When Tobias finally left the chamber, he found Archimedes waiting in the corridor outside, cane resting against his leg.

The Duke's face was calm, but his eyes held the weary clarity of a man who understood what it meant to be evaluated by forces larger than family. "You met the Emperor's blade today," Archimedes said quietly. "And you did not flinch." Tobias's throat tightened, because approval from his father carried a weight that Imperial praise never could, and he nodded once in silence.

Archimedes placed a hand on Tobias's shoulder, firm despite the tremor in his fingers."They will watch you," he said, voice low, "because you matter, and because the future is never trusted to one set of hands." Tobias looked back toward the corridor where SCORPIO had vanished hours earlier, and he felt the haze of their presence still lingering at the edge of his inner sight. "Let them watch," Tobias replied, his tone steady. "I intend to be worth what they fear."

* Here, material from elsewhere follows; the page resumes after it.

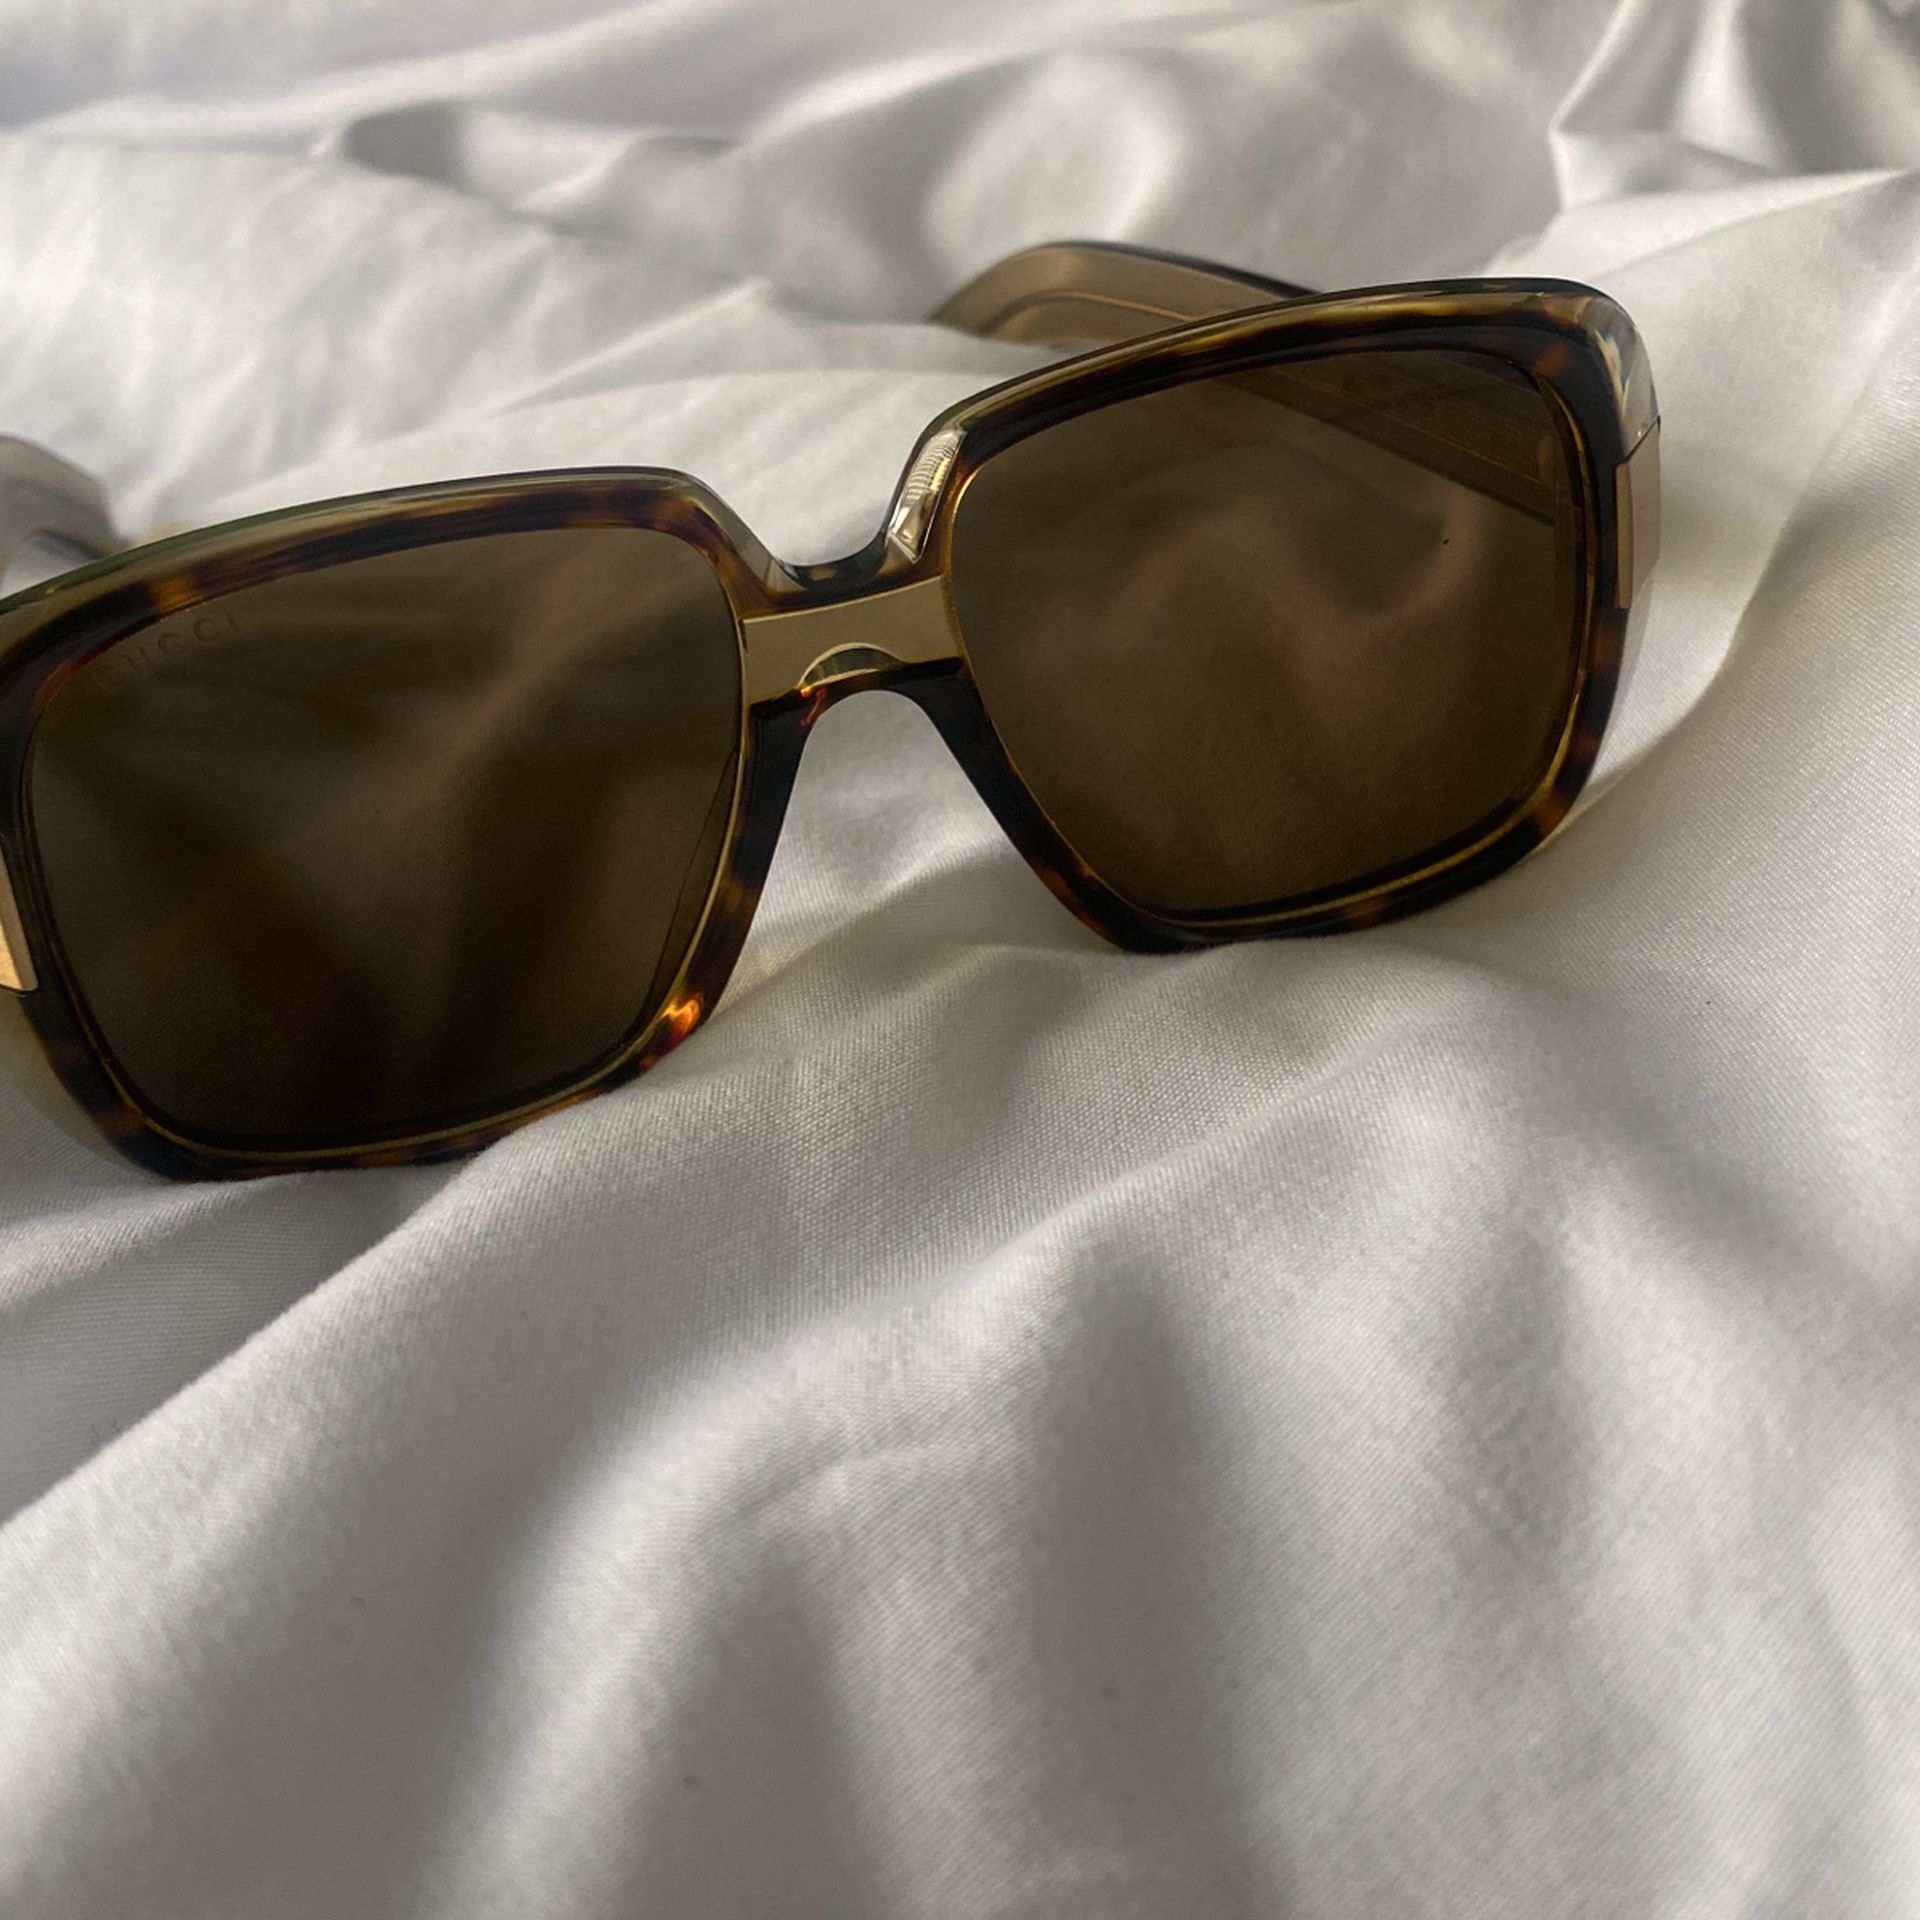 New Authentic GUCCI sunglasses Tortoise Print Model  GG0318S

The sea wind moved through the palace's open arches, carrying the scent of salt and distant storms.

No'aar slept uneasily beneath the stars, guarded now by Hawthorne steel and SCORPIO shadow. Tobias felt the future stretching outward, branching beyond the planet, beyond the palace, beyond the visible war, and he knew the joint exercise had changed the shape of what came next. He had been tested, and he had not broken, but the Emperor's eye had opened fully upon him, and it would not close again.